1. National Agenda for Interconnection RD&D to Facilitate Reliable, Large Scale Integration of Distributed Energy Resources

With electric industry restructuring and the transition to competitive electricity market structures and customer choice, there is a more pressing need to make customer choice a reality by developing National and State programs to enable seamless integration of customer selected DERs. The research and development focus needs to shift from just the development of DER technologies, which is being addressed by the market, to the smooth integration of DER technologies selected by customers for reliability and full integration with the power grid.

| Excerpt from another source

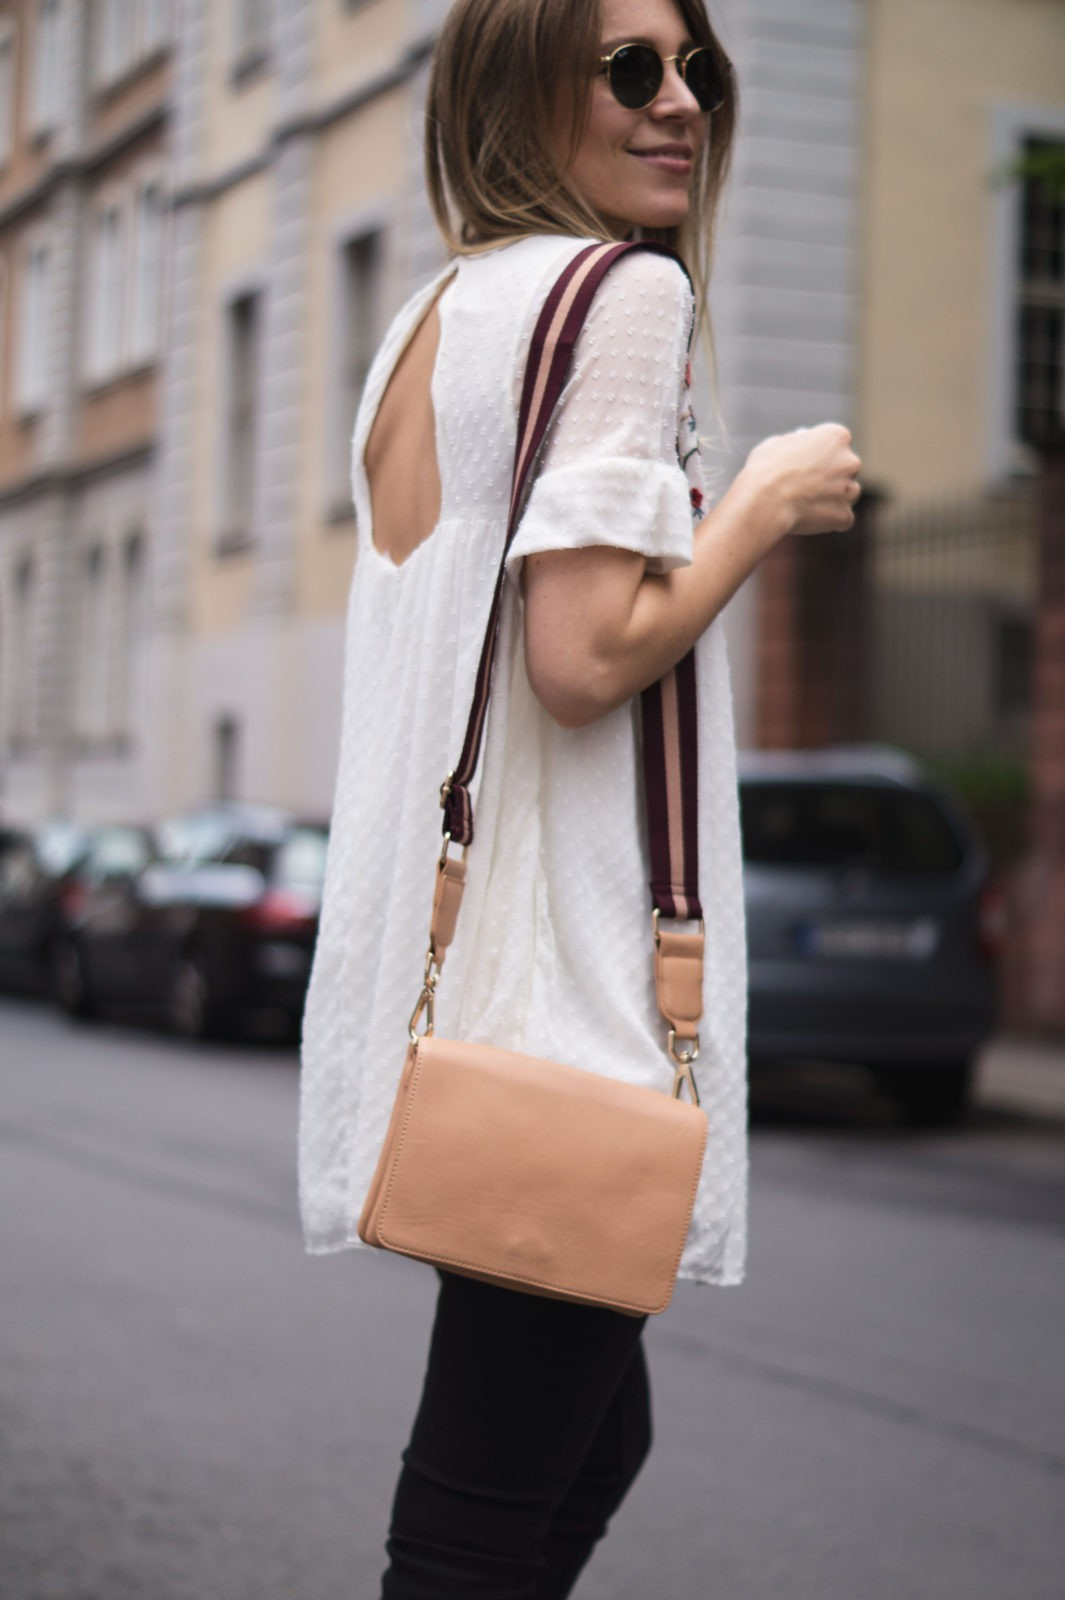 Floral Summer Dress Zara Jumpsuit Black Loafers Pantoletten Sommerkleid Streetstyle Heidelberg Sariety Modeblog Fashionblogger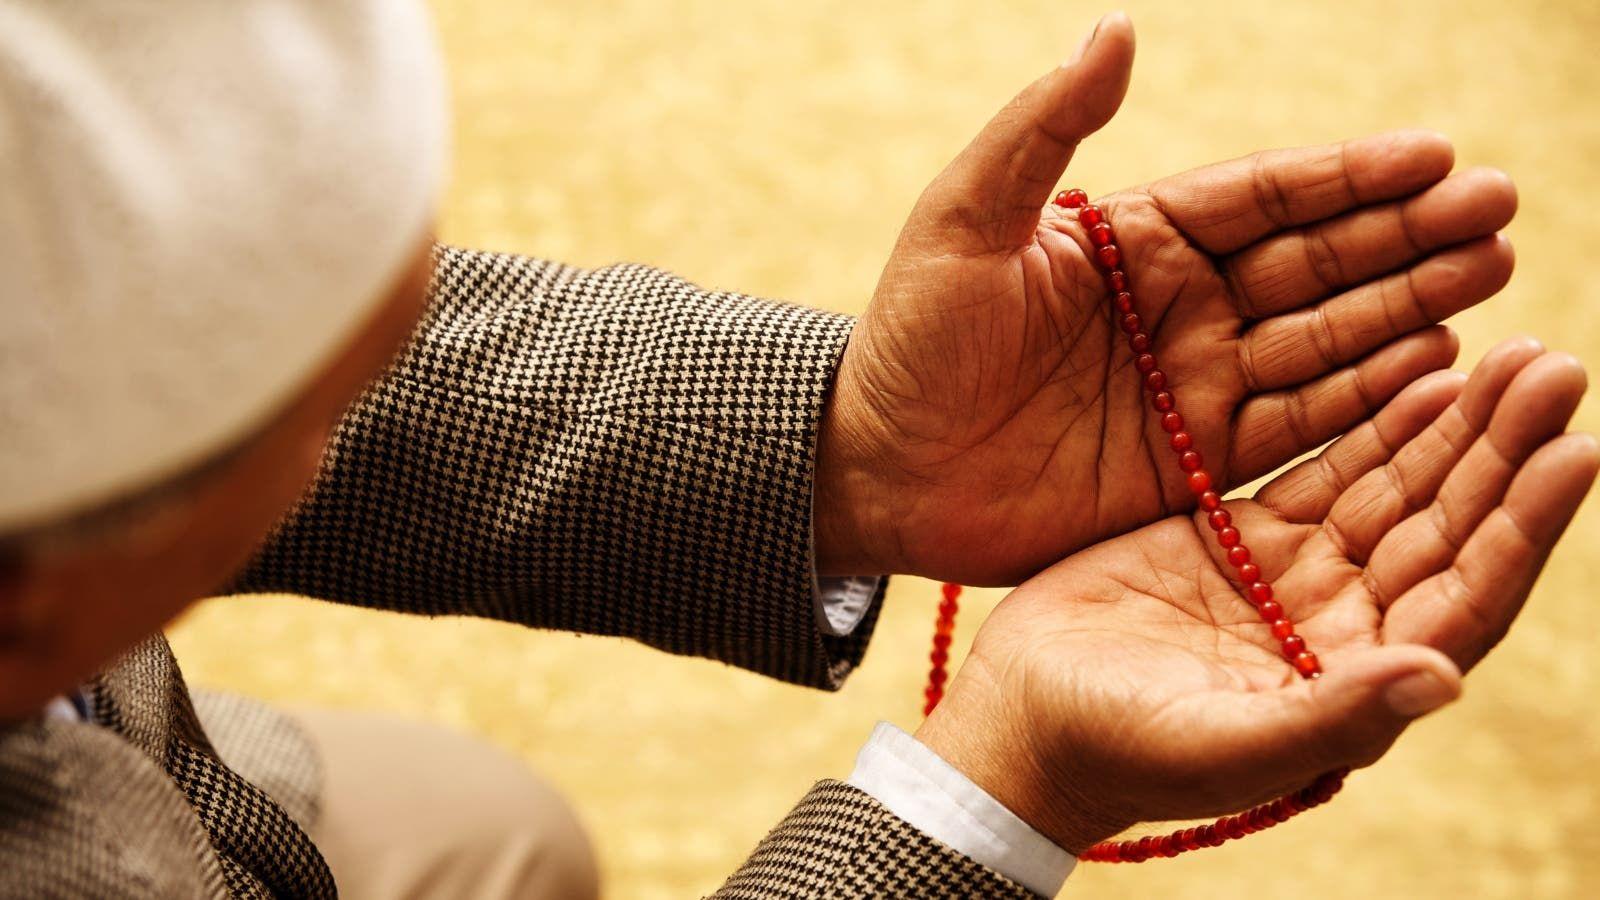 دعاء بداية شهر جديد Prayers Muslim Prayer Peace Be Upon Him

Future DER market penetration will depend on many issues that include different market scenarios, applications, technology changes and demand growth, but some interconnection research, development and field test bed activities will support many of these driving factors and will make the transition to DER more likely. It is the purpose of this paper to outline and prioritize these most important national agenda items for distributed resources interconnection.

Figure-1 shows the nation’s power capacity growth from its incipient beginning, about 100 years ago, through the year 2000 and then up to 25 years in the future growing at a 1.8 percent rate. By some estimates, DER represents 5 percent of current nation’s installed capacity and it has been also estimated[4] that DER could penetrate 20 percent of all capacity additions by 2010. This would yield about 70,000 MW of DER installations by year 2010.

Deployment of DER technologies is distributed by nature, similar to the PC industry. This capability should be included and its potential benefits and drawbacks assessed in any plans or agendas addressing national security vulnerability because of threats to critical national infrastructures such as power grids. A good goal would be making the interconnection of distributed resources as simple as the local and wide-area networking of PCs, acknowledging the additional safety factors, which must of course be included.

DER integration research and development should identify the issues influencing the amount of DER penetration for each potential DER market scenario. A comprehensive summary and prioritization of DER interconnection, control and operational technologies and processes that are crucial for maximizing DER penetration within each scenario need to be identified and prioritized. The near-term interconnection issues should be chosen to facilitate the early-distributed resource markets and applications

Figure 1– Interconnection and Controls as Enablers for DER Market Penetration

Ultimately DER penetration depends on successfully finding technology solutions for those integration and interconnection issues that solve end-users and utility energy problems and meet the market’s needs.

1. DER Market Driven Scenarios – First Step Leading to

Interconnection RD&D Roadmaps

Use of the four-step scenario methodology described in the introduction and summarized and cross-referenced in Table-1 resulted in the identification of: (1) five interdependent DER market scenarios to address the new DER market opportunities presented by deregulation and open competitive electricity markets; (2) a series of local and integrated DER applications within each market scenario; (3) interconnection, control, operational and field test bed RD&D needs to facilitate large scale penetration of DER.

Table-1 was created to facilitate and make RD&D identification process more effective and comprehensive. The table cross-references the five DER market driven scenarios with their most likely DER applications, and with the three main DER interconnection, control and test beds RD&D categories. Each intersection identifies the RD&D that will facilitate reliable, large-scale integration of DER.